Monitoring and Follow-up
- Regular monitoring of serum ferritin levels to guide phlebotomy frequency
- Assessment of liver fibrosis and other end-organ damage at diagnosis
- Patients with advanced fibrosis should be included in a screening program for hepatocellular carcinoma 1
Prognosis
The degree of iron overload directly impacts life expectancy.
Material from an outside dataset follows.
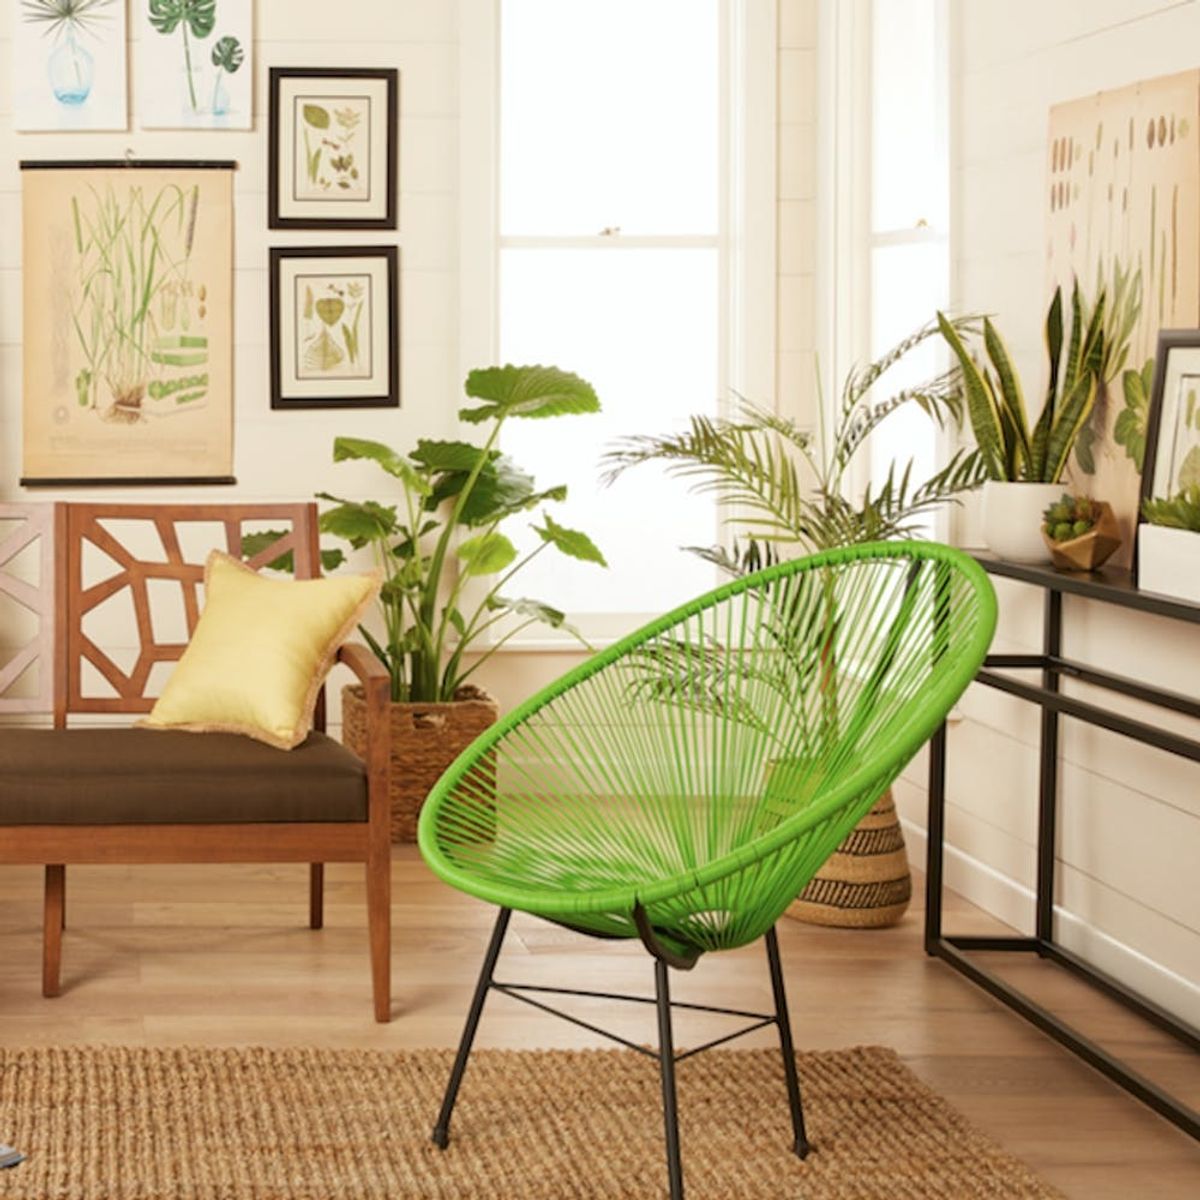 Walmart’s New Spring Home Collection Has Some Major Gems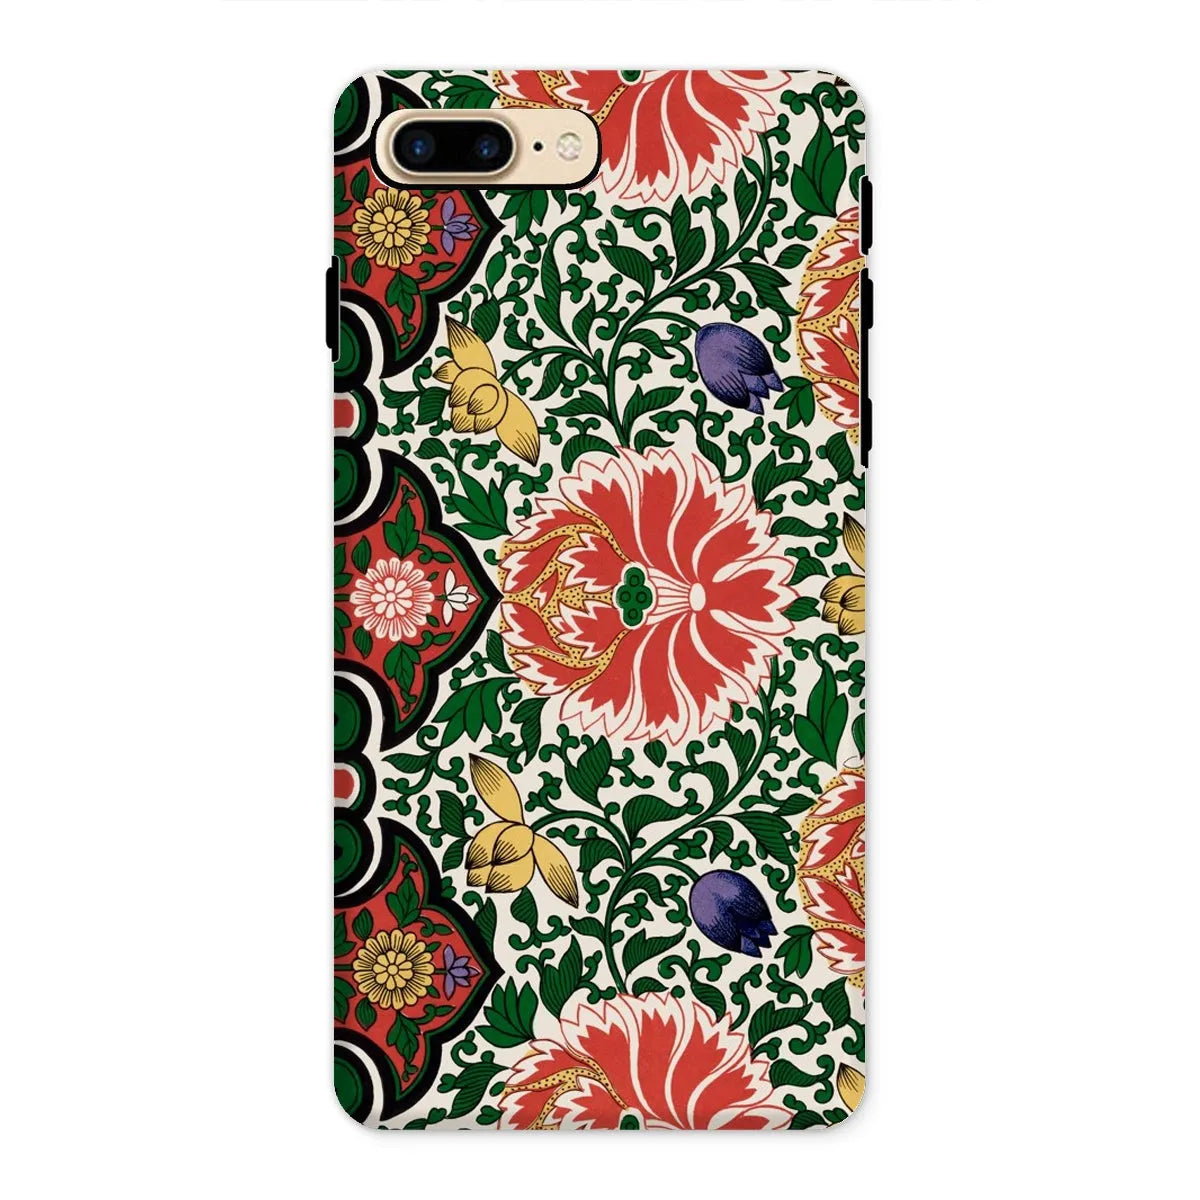 Chinese Floral Pattern Aesthetic Art Phone Case - Owen Jones - Iphone 8 Plus / Matte - Mobile Phone Cases - Aesthetic

Major causes of death include:
- Decompensated cirrhosis
- Hepatocellular carcinoma
- Diabetes mellitus
- Cardiomyopathy 1
These complications occur 10-119 times more frequently than in the general population, but early treatment before cirrhosis or diabetes develops normalizes survival rates 1.
Key Pitfalls and Caveats
- Transferrin saturation can be falsely elevated in patients with advanced cirrhosis, low transferrin, acute liver failure, or acute liver injury 1
- Serum ferritin is a non-specific marker that can be elevated in inflammatory conditions 2
- Alcohol consumption can be a confounding factor and exacerbate iron overload 2
- Diagnosis may be delayed due to non-specific early symptoms 2
- Not all individuals with genetic mutations will develop clinical disease due to variable penetrance 1
Early diagnosis and treatment with phlebotomy are essential to prevent irreversible organ damage and improve long-term outcomes in patients with hemochromatosis.